Прошло совсем немного времени с начала первой операции по биопсии, когда его вдруг попросили принести еще один литр раствора Рингера. Трент с трудом сдержал радость.
Когда он вошел в центральную процедурную, там было несколько человек персонала. Трент знал, что должен проявлять осторожность, проверяя свою ампулу, но на него никто не обращал внимания. Все были заняты подготовкой новых хирургических наборов взамен использованных в этот день. Слева от него находились ненаркотические медицинские препараты.
Он взял с полки бутылку с рингером. Дверей в этом помещении не было, и он видел, что все заняты подсчетом хирургических инструментов для каждого набора.
Не спуская глаз с работающих медсестер, Трент осторожно просунул руку в коробку с маркаином. И почувствовал легкое возбуждение. В коробке оставалась только одна ампула с абсолютно гладким концом. Значит, его ампулу уже взяли.
С трудом сдерживая волнение, Трент вышел из центральной процедурной и направился в четвертую операционную. Отдав помощнице анестезиолога рингер, он спросил дежурную медсестру, не надо ли еще чего-нибудь. Она его поблагодарила. Операция проходила спокойно. Биопсию уже отправили в морозильник, все близилось к концу. Трент сказал дежурной медсестре, что скоро вернется.
Выйдя из операционной, Трент поспешил к доске расписаний. Он чуть не закричал от радости. Эпидуральную анестезию сегодня должны провести в семь тридцать во время эндоскопии брюшной полости, и делать ее будет доктор Дохерти! Удаление грыжи в этот день вообще нигде не значилось, наверное, его перенесли на другой день. Значит, его ампулу используют при эндоскопии брюшной полости.
Трент посмотрел, где должна проводиться эндоскопия. В операционной номер двенадцать. Он развернулся и поспешил в анестезиологическое отделение к этой операционной. Дохерти уже был там. Пациент тоже. На нержавеющем столике лежала его ампула маркаина.
Трент не мог поверить в такую удачу. Помимо того, что анестезиологом был Дохерти, пациентом оказалась молодая цветущая девушка.
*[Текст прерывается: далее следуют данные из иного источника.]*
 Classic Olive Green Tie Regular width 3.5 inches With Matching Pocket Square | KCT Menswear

Об этом можно было только мечтать.
Не желая, чтобы его видели слоняющимся без дела в этом отделении, Трент не стал задерживаться и ушел к себе. Но оказалось, что в своей операционной он просто не может спокойно сидеть. Трент так стремительно ходил по ней, что хирург, проводивший биопсию, попросил его либо сесть, либо покинуть помещение.
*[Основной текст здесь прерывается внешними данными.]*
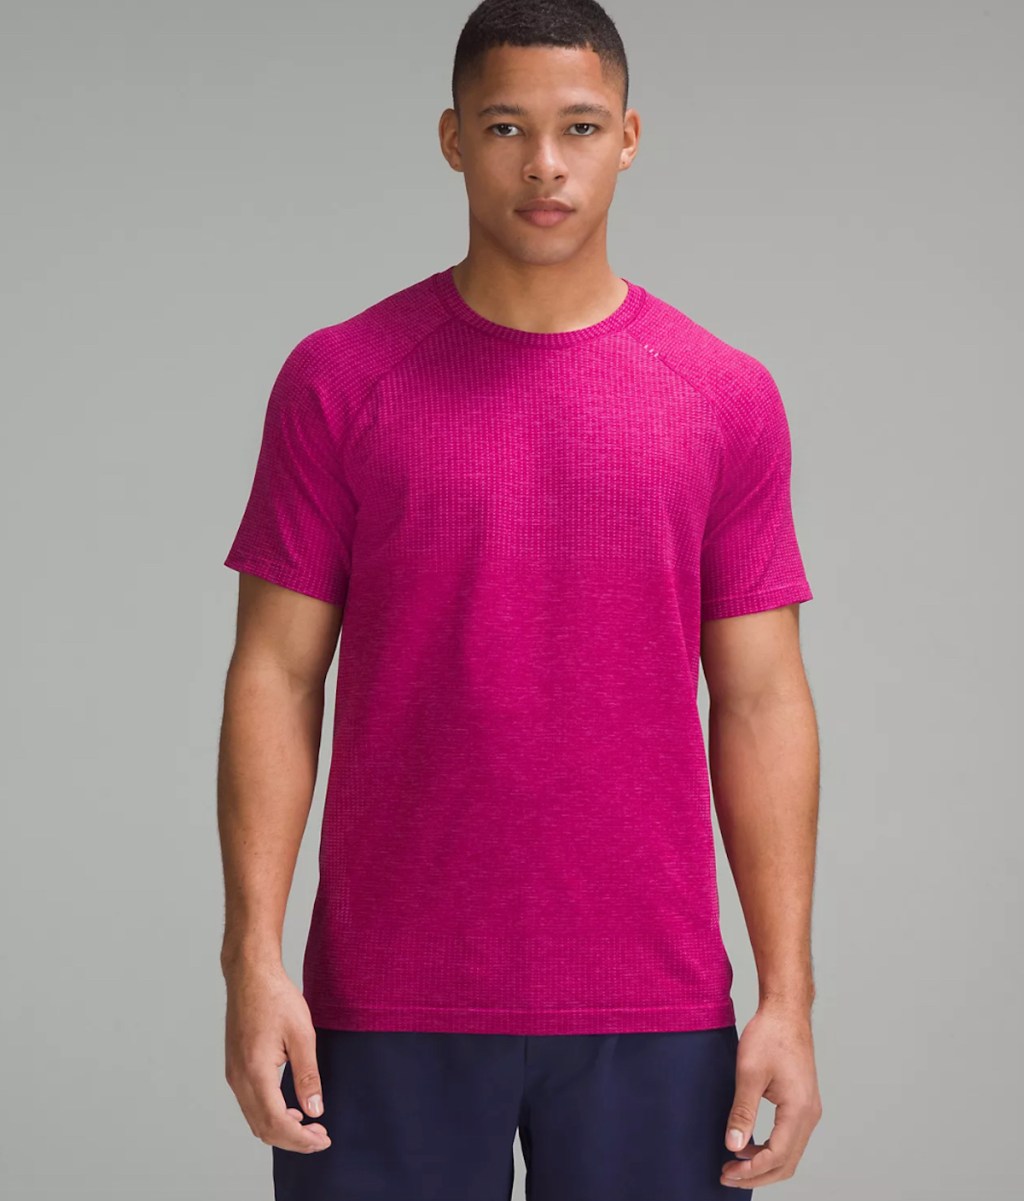 man wearing hot pink shirt with gray background

Обычно такое обращение приводило Трента в ярость. Но не сегодня. Думая о том, что сейчас стрясется в другой операционной и что он должен потом сделать, он не мог успокоиться. Как только все это произойдет, ему надо вернуться в операционную и забрать пустую ампулу. Эта часть задания волновала Трента больше всего, хотя до сих пор его всегда выручала шоковая обстановка в операционной. Окружающим было не до него, и все же этот момент он считал самым слабым местом в своей разработке. Никто не должен видеть, как он вынимает ампулу из контейнера.
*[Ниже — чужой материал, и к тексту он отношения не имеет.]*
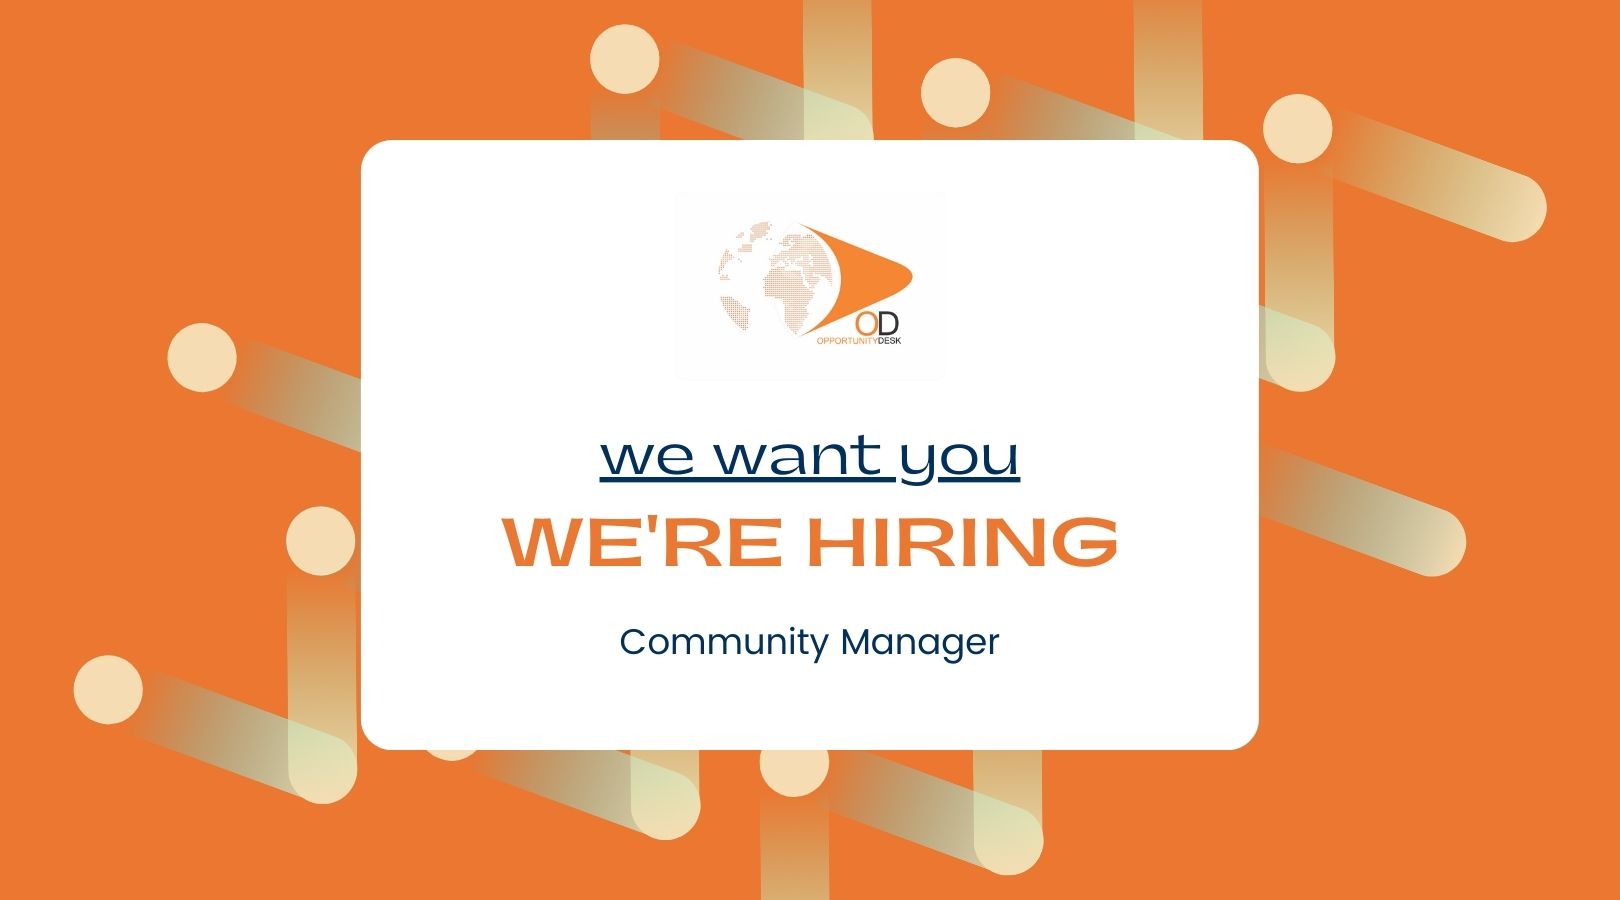 Opportunity Desk is hiring a Community Manager

Трент поднял глаза на часы. Минутная стрелка приближалась к самой верхней отметке. Все должно произойти через несколько минут. Спину его ожег приятный холодок тайного удовольствия. Он любил это нервное возбуждение!
ГЛАВА ДЕВЯТАЯ
Четверг
18 мая 1989 года
7.52
Ревущая «скорая» с Гэйл Шаффер буквально ворвалась в больницу Святого Жозефа и подлетела к свободному месту около неотложного отделения. Врачи и медперсонал уже были предупреждены по телефону, с чем они столкнутся и что нужно иметь в операционной. Прежде всего – сердечные и неврологические средства, а также аппаратура для поддержки жизнедеятельности этих систем.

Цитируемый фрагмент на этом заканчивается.